Pro prompting tips for 2026
- Tip 1. Always paste the job description—LLMs hallucinate without context.
- Tip 2. Tell the model what NOT to do (no fabricated metrics, no clichés).
- Tip 3. Ask for 3 variations, then pick the best.
- Tip 4. Run the same prompt in two models (e.g., Claude + GPT) and combine the strongest sentences.
- Tip 5. Always end with: "Score this output 1–100 on ATS-readiness and suggest the top 3 fixes."
Frequently asked questions
What is the best ChatGPT prompt for writing a resume?
The best resume prompt asks ChatGPT to act as a senior recruiter, paste in your existing experience and the target job description, and request quantified bullets using strong verbs. See the master resume prompt template in this guide.
Can ChatGPT write an ATS-friendly resume?
ChatGPT can generate ATS-friendly content if you prompt it to use single-column formatting, standard headings, and keywords from the job description. However, ChatGPT does not enforce formatting on export—paste the result into an ATS-safe template or use a purpose-built AI resume builder like ElevateAI.
Are ChatGPT-written resumes detectable by ATS?
ATS systems scan for keywords and structure, not for whether AI wrote the text. As long as the content is accurate and ATS-formatted, it will be parsed normally. Always edit AI output for truthfulness.
Should I use ChatGPT, Claude, or Gemini for my resume?
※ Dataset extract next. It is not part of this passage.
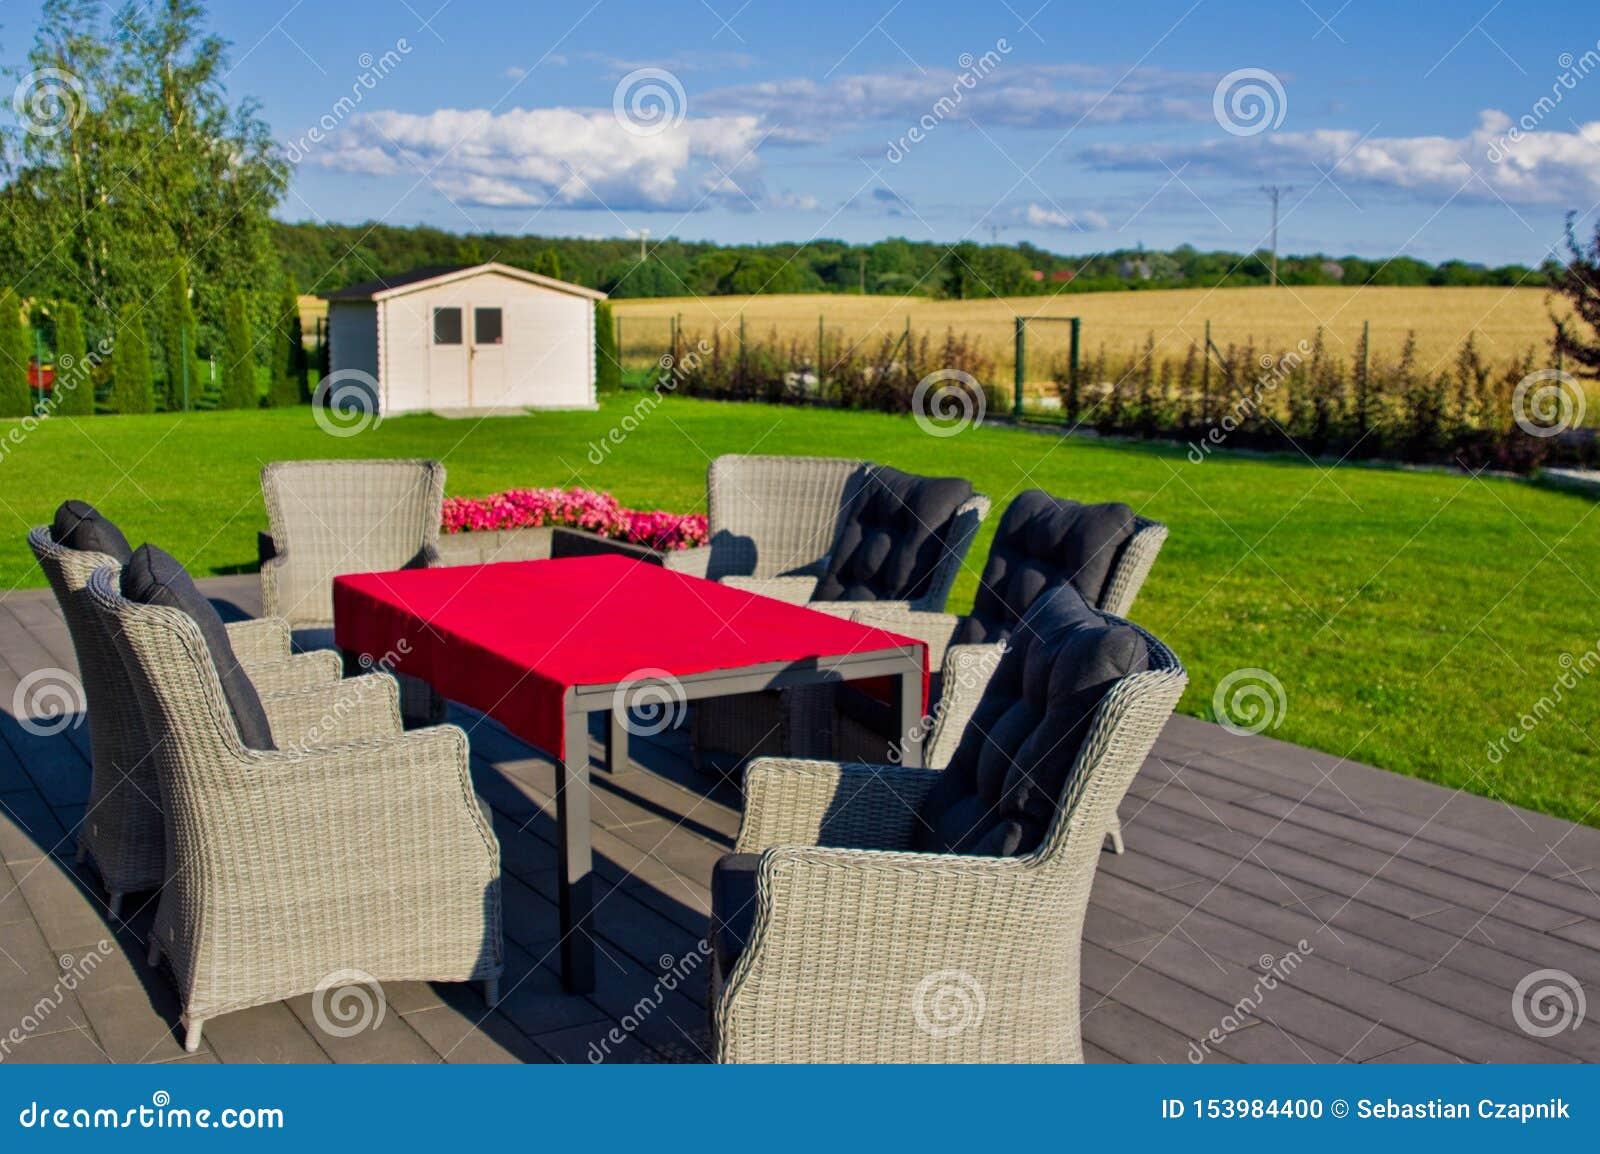 Terrasse A La Maison Elegante Avec Des Meubles De Jardin Photo

All three work. Claude tends to write more naturally for senior roles, Gemini excels at structured output, and ChatGPT is the most versatile. For best results, run the same prompt through two models and take the stronger result.
How do I keep ChatGPT from making things up on my resume?
Paste your real experience first, then explicitly tell the model: 'Do not invent metrics, employers, or skills. If you need a number, leave a placeholder like [add %].' Always fact-check before sending.